Можно предполагать, что традиции внутренней сплоченности легионов, основанной на связях между боевыми товарищами, имели довольно древние корни. В этом плане несомненный интерес представляет сообщение Ливия (XXII. 38. 1)о том, что до появления в 216 г. до н. э. присяги, которую воины давали перед военными трибунами, призванные на службу клялись, что по приказу консула соберутся и без его приказа не разойдутся, а потом «в собравшемся уже войске они — всадники по декуриям, пехотинцы по центуриям — добровольно клялись друг перед другом в том, что страх не заставит их ни уйти, ни бежать, что они не покинут строй, разве только чтобы взять или поискать оружие, чтобы поразить врага или спасти согражданина»40 (пер. М. Е. Сергеенко) (ср.: III. 20. 3; XXII. 11. 8)41 . В этой взаимной клятве, скреплявшей добровольный foedus воинов, отчетливо виден не только момент секуляризации права, о чем пишет Вандран-Вуайе42 , но и основополагающее значение той внутренней сплоченности воинских подразделений, которая достигается в случае уверенности каждого солдата в своем товарище.

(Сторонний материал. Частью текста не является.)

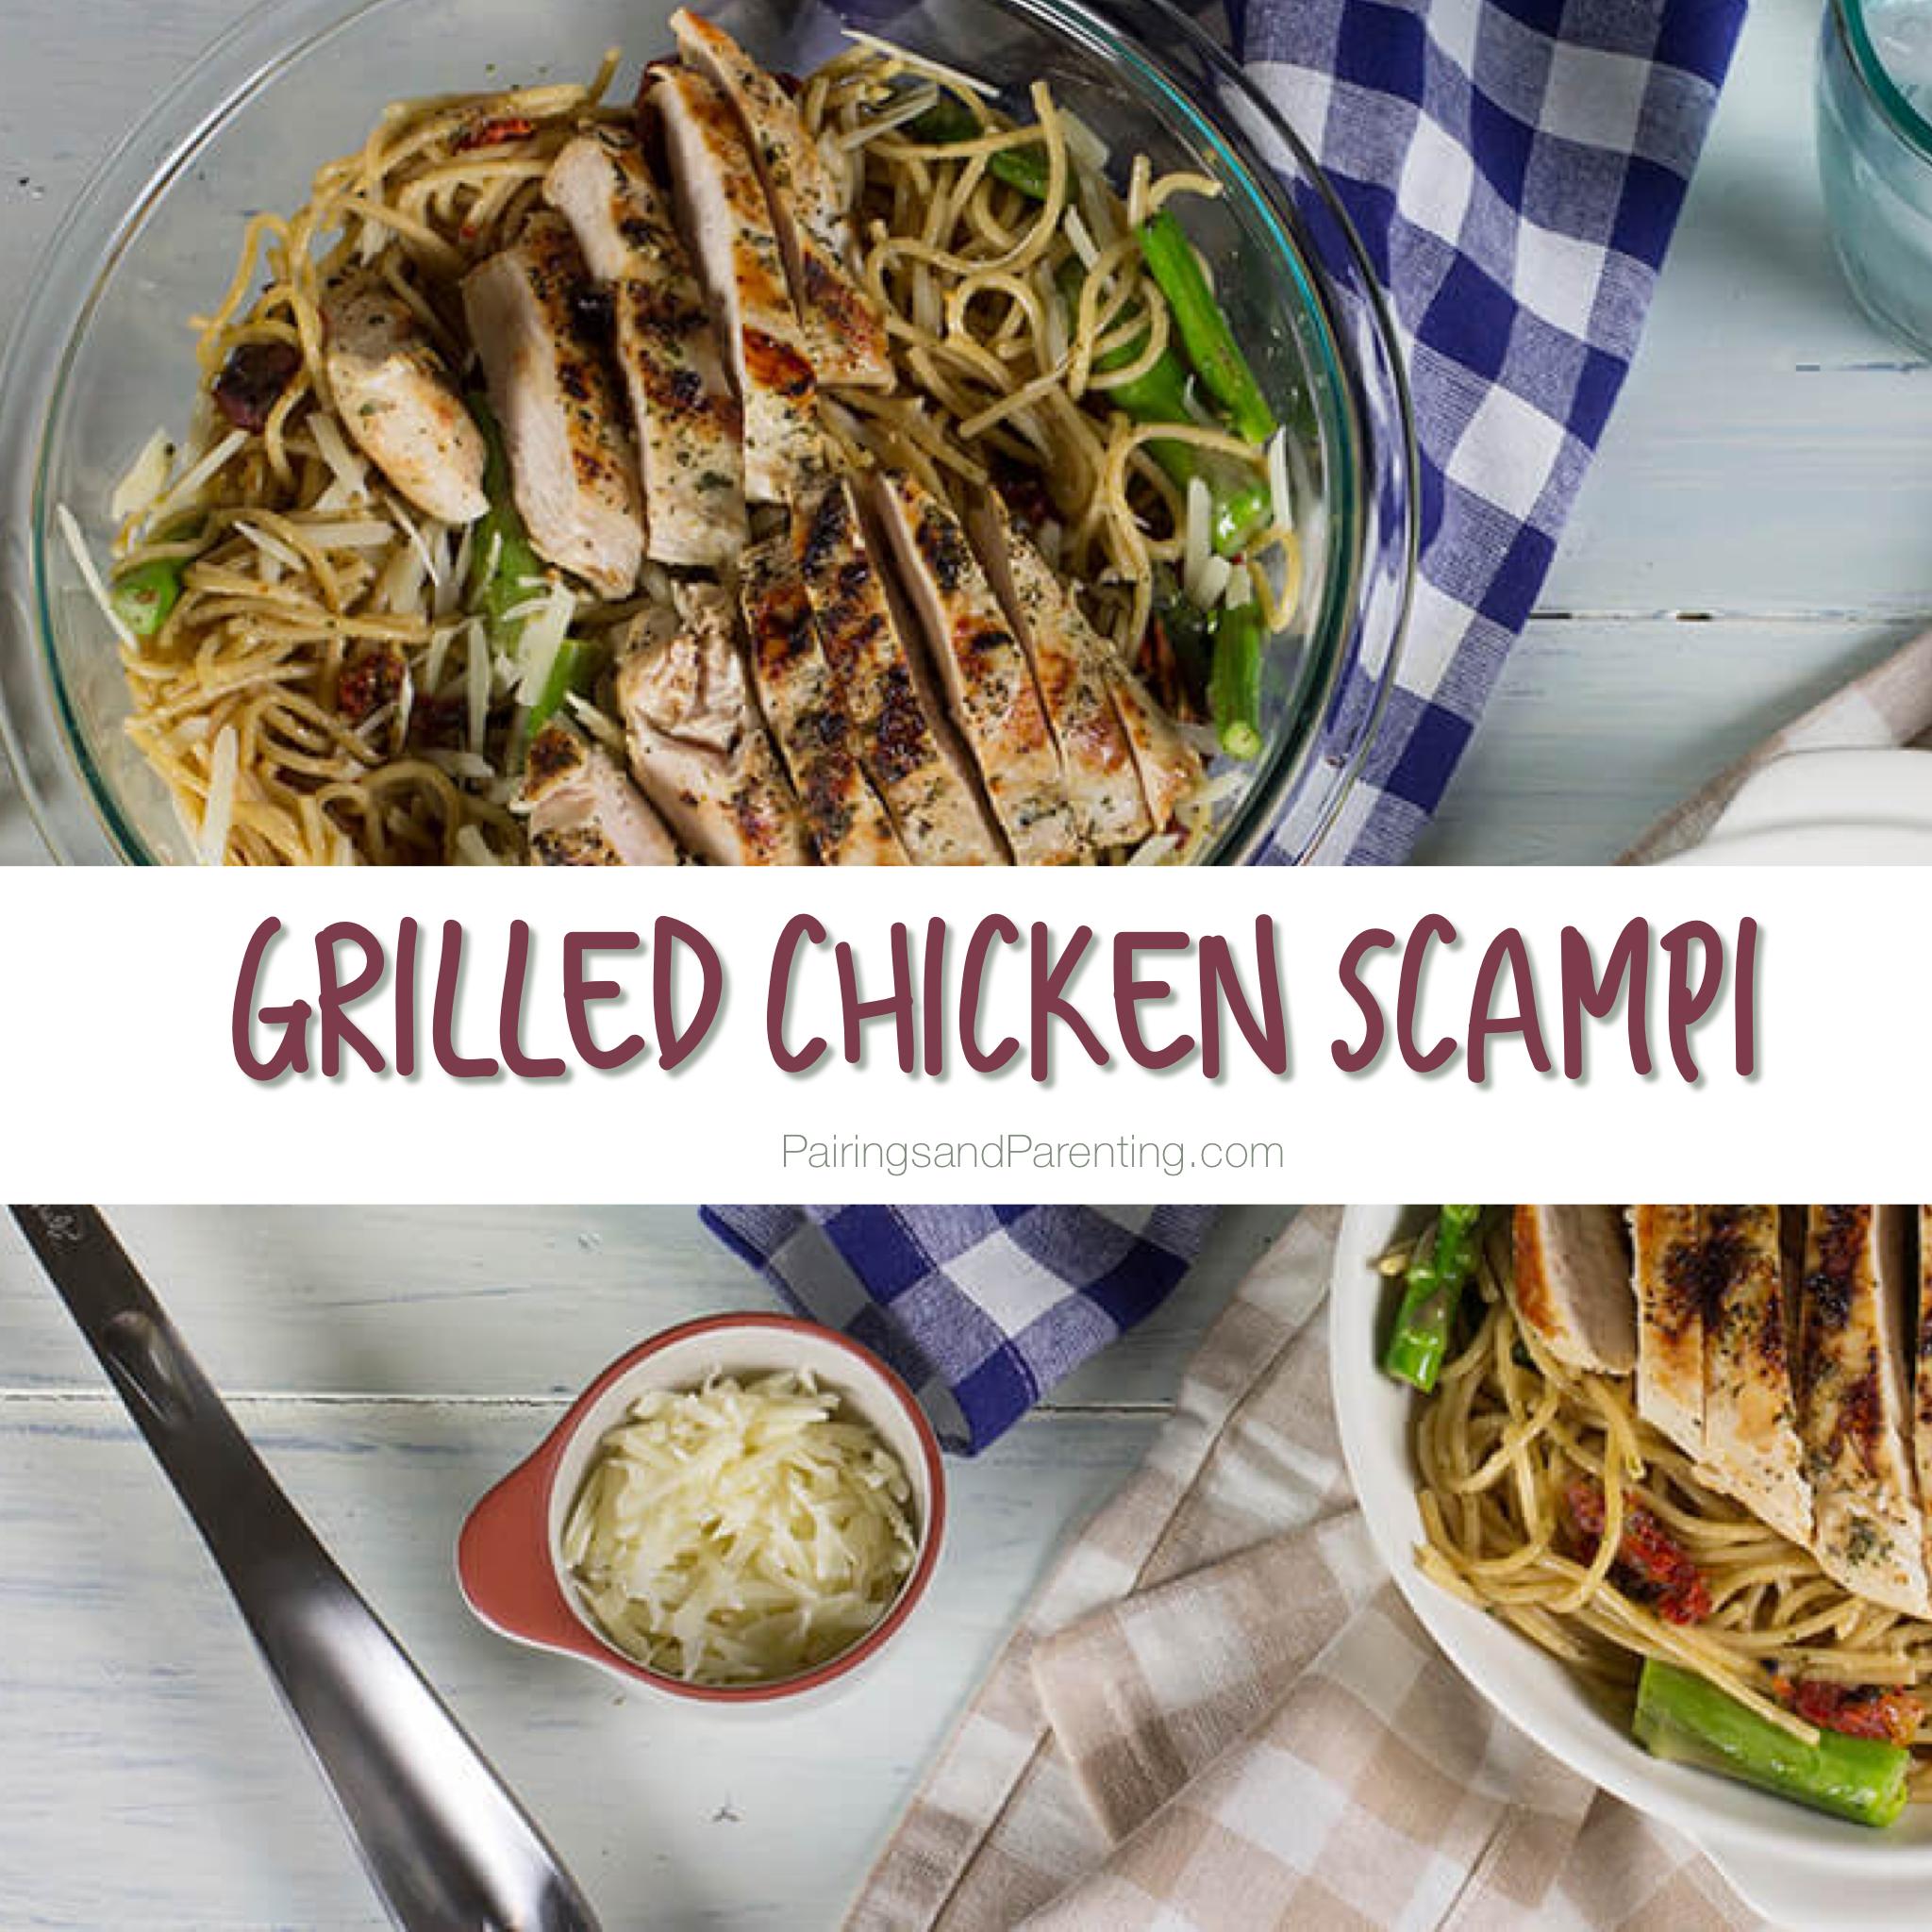 Grilled Chicken Scampi

Хотя подобная клятва в императорскую эпоху, видимо, уже не практиковалась43 , эффективное функционирование и взаимодействие частей и подразделений было немыслимо без соблюдения римским солдатом главной обязанности — сохранять свое место в строю, сплоченность своего подразделения, несмотря ни на какие обстоятельства, на что и была, по существу, нацелена эта клятва44 . Характерно также, что, согласно римскому военному закону, тот, кто в строю первым обратился в бегство, подлежал в назидание остальным смертной казни на глазах у своих товарищей (Dig. 49. 16. 6. 3: spectantibus militibus propter exemlum capite puniendus est)45 .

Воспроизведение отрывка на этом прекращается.